**Aim of the task:**
Your reply should reproduce the data below without a single alteration, apart from dropping the images.

**Recorded information:**
------------------------------------------------

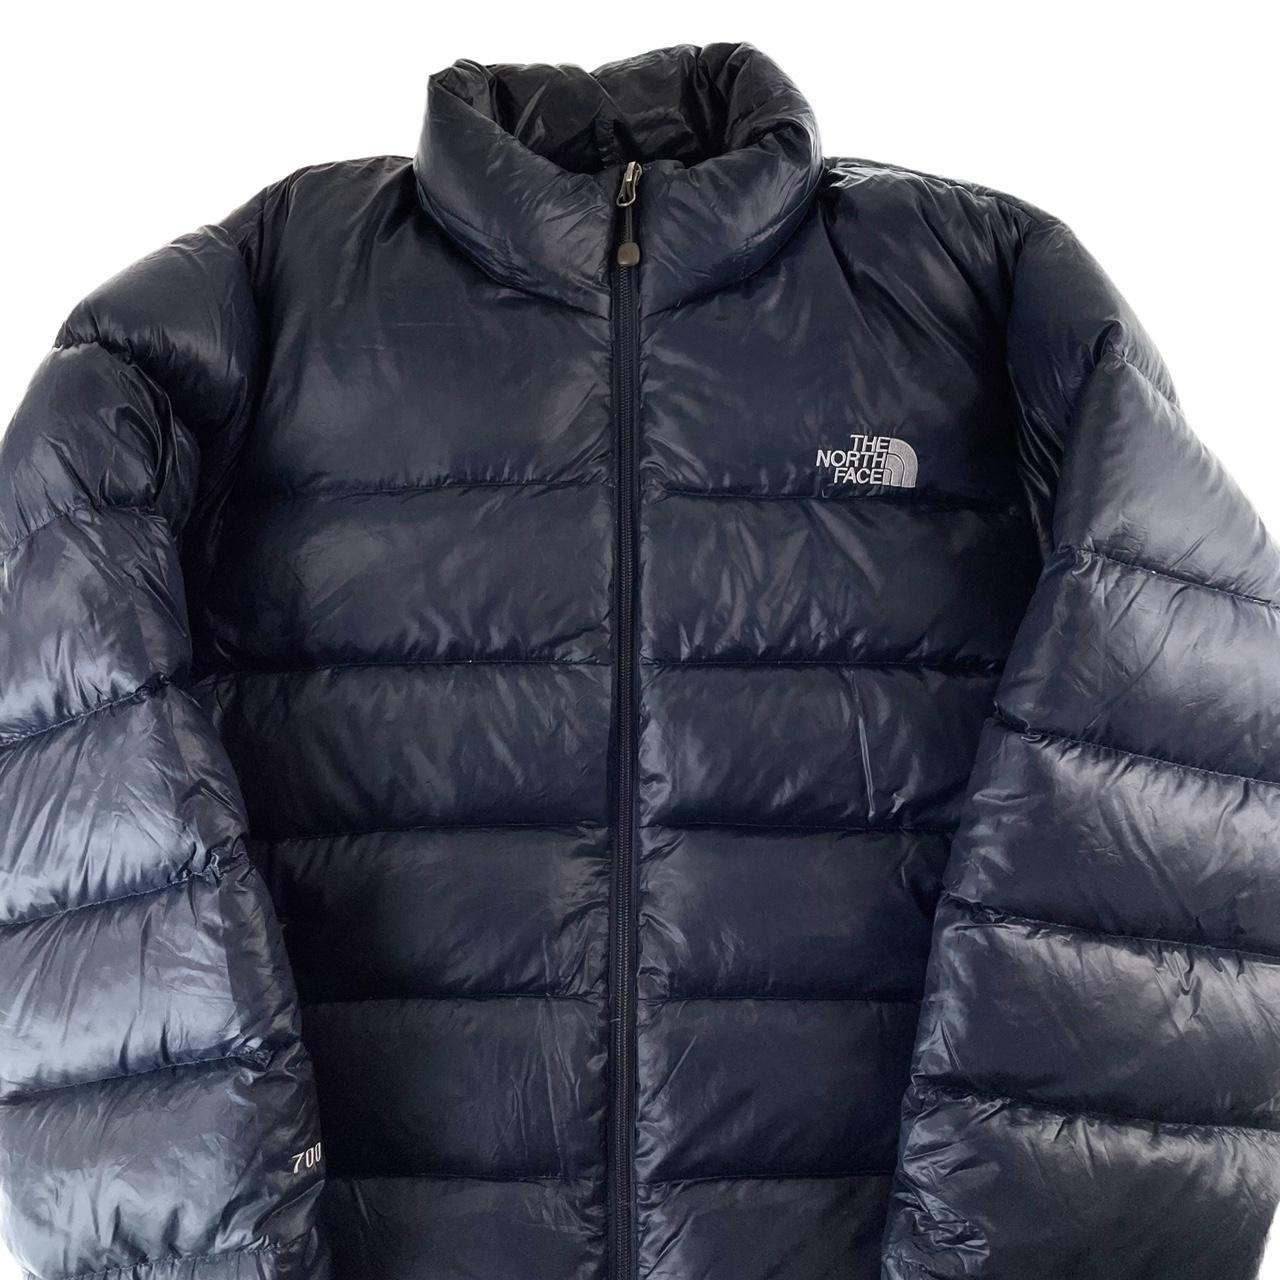 Vintage North Face goose down puffer jacket size... - Depop
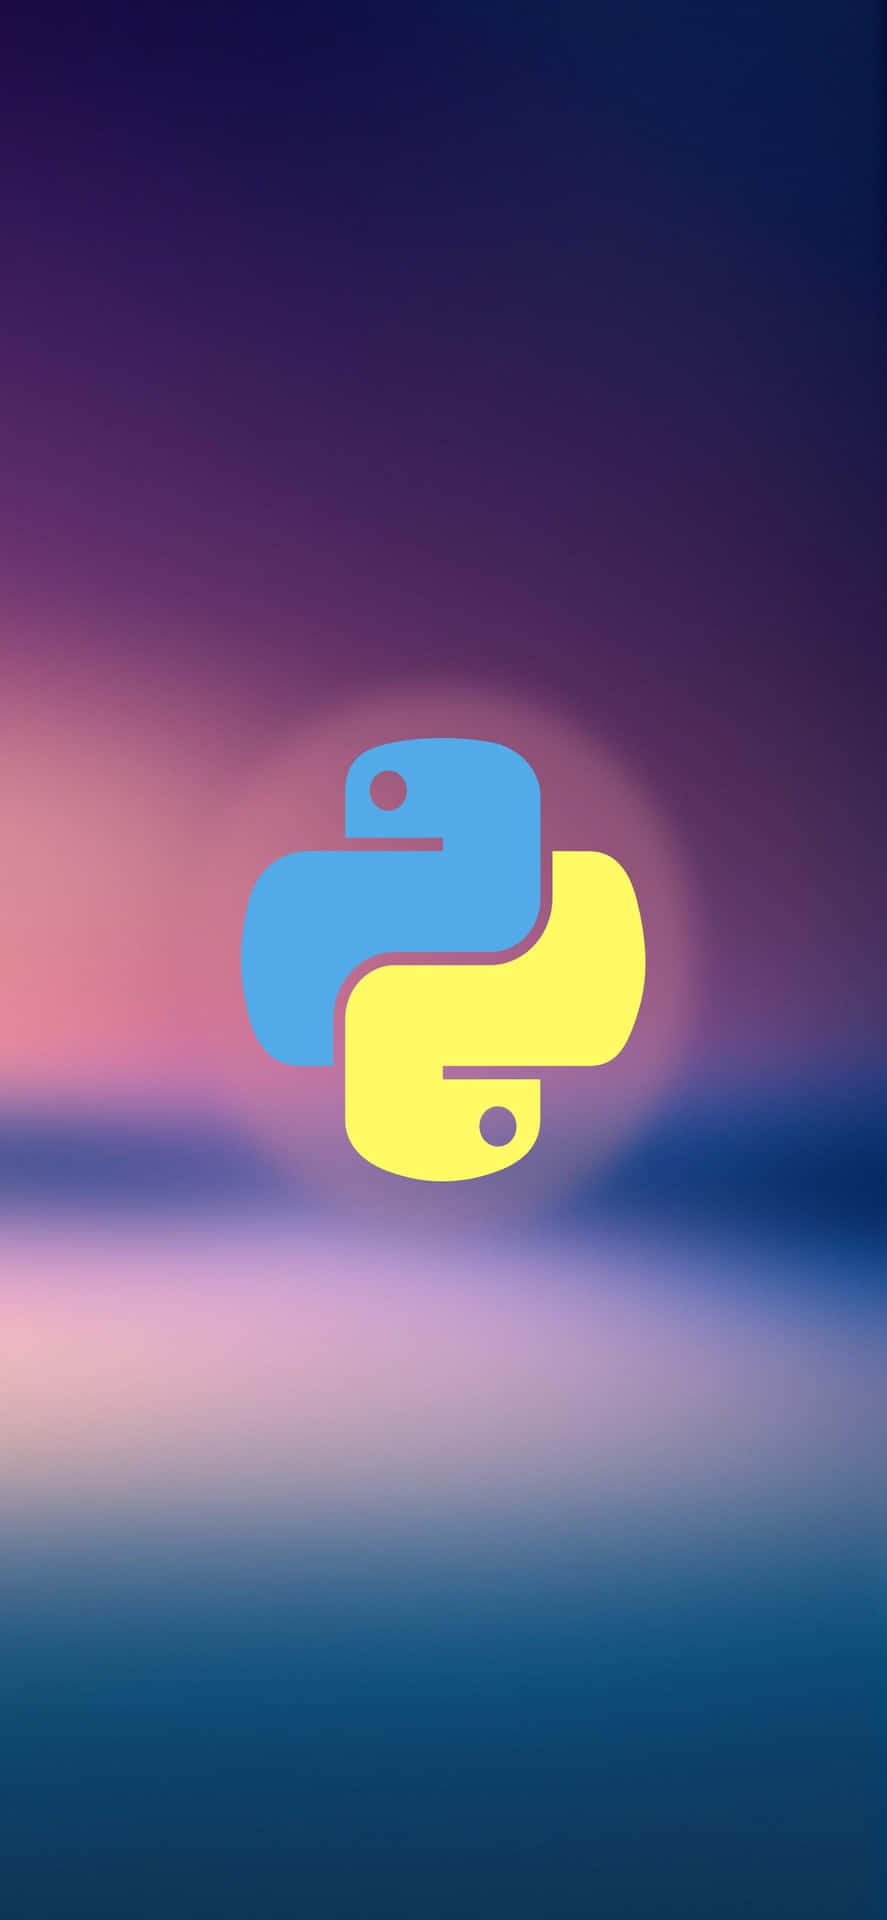 Sfondoper Iphone Xs Con Logo Di Python Per Programmatori
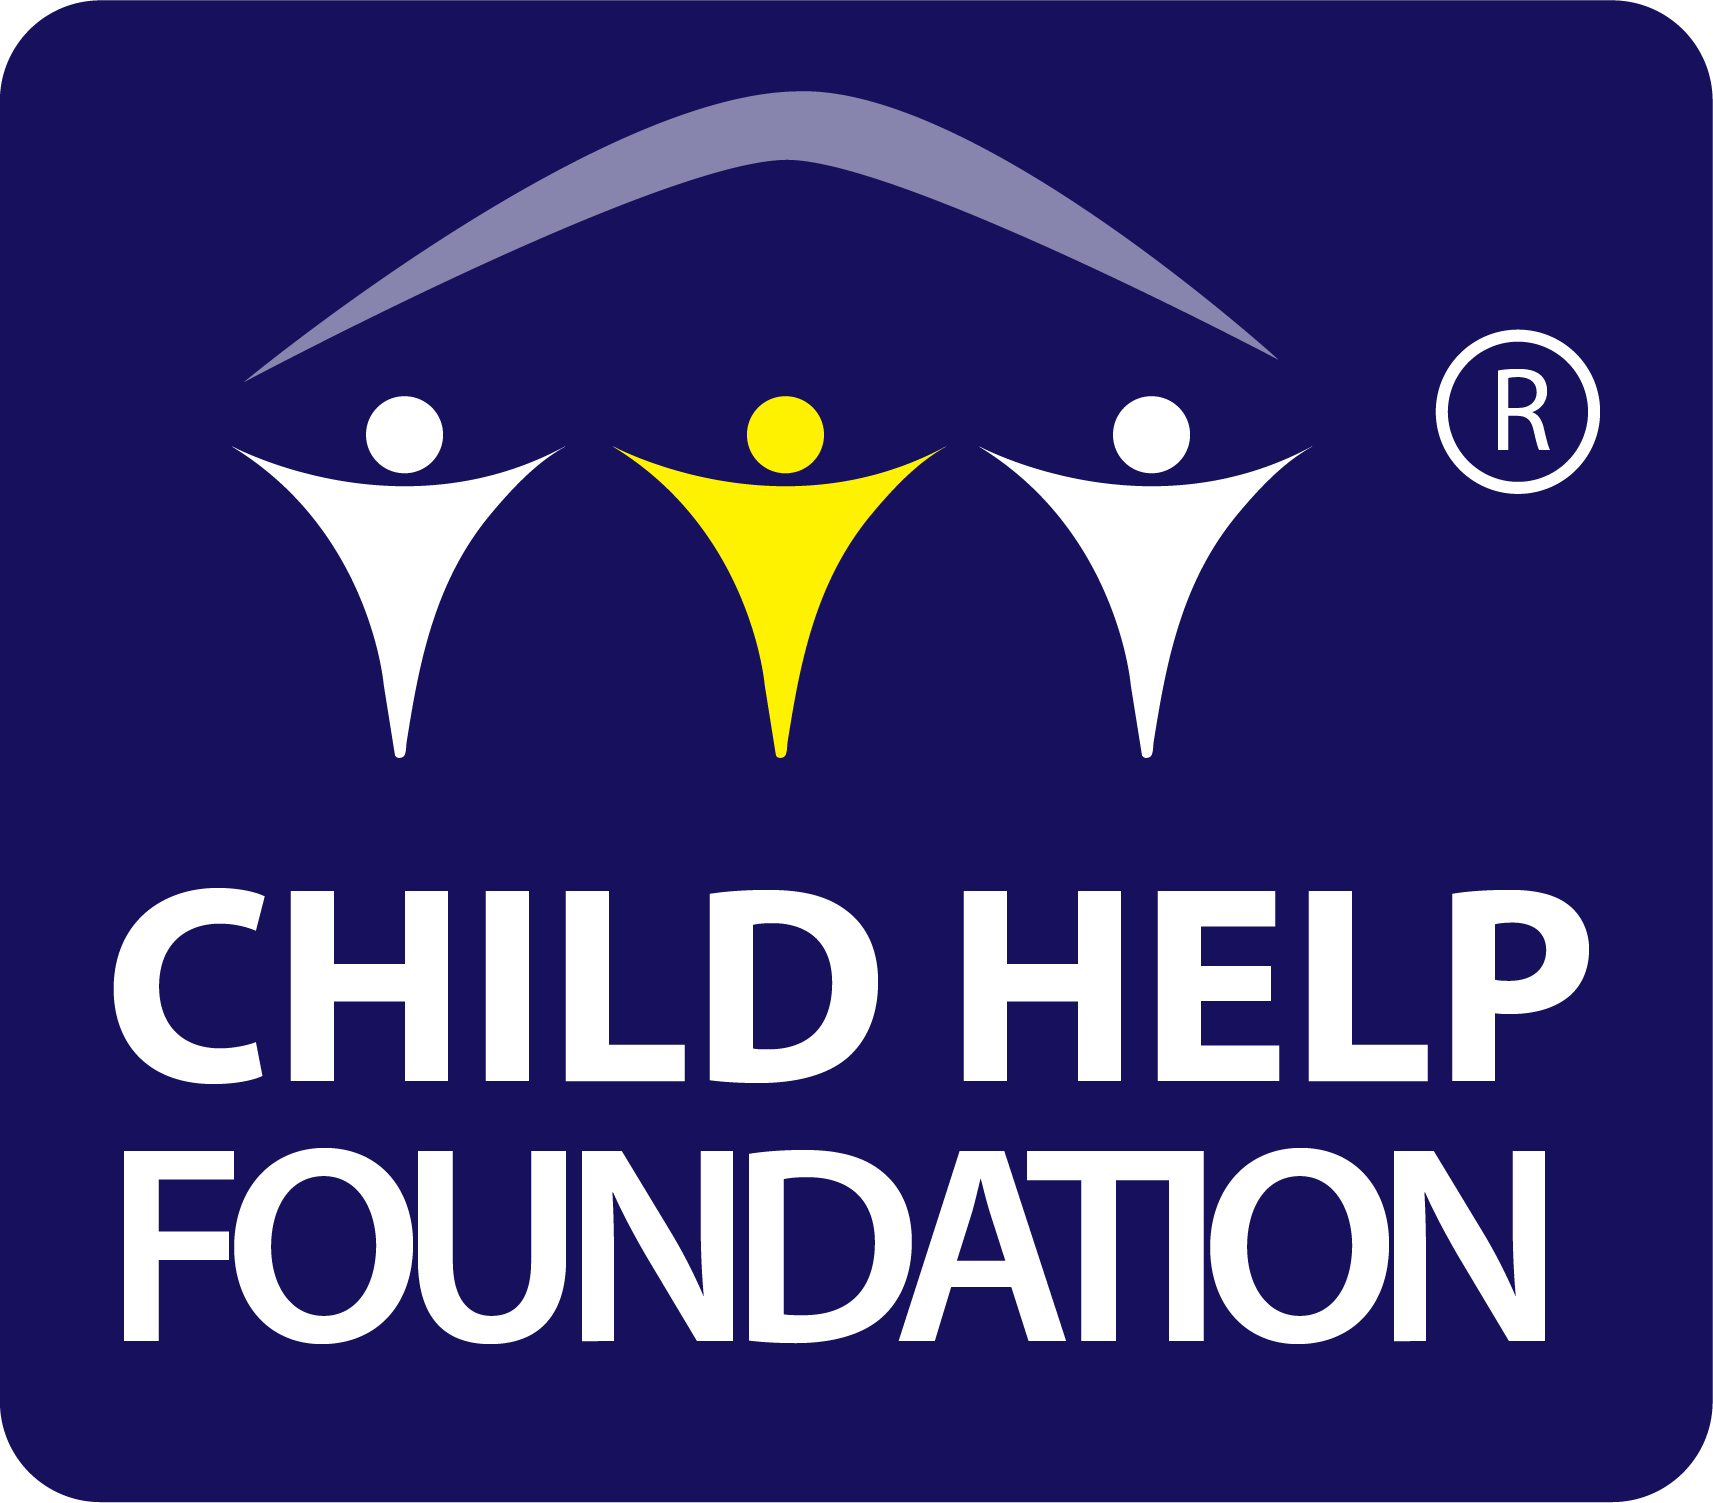 Child help foundation

------------------------------------------------

**Answer to the exercise:**
 Vintage North Face goose down puffer jacket size... - Depop
 Sfondoper Iphone Xs Con Logo Di Python Per Programmatori
 Child help foundation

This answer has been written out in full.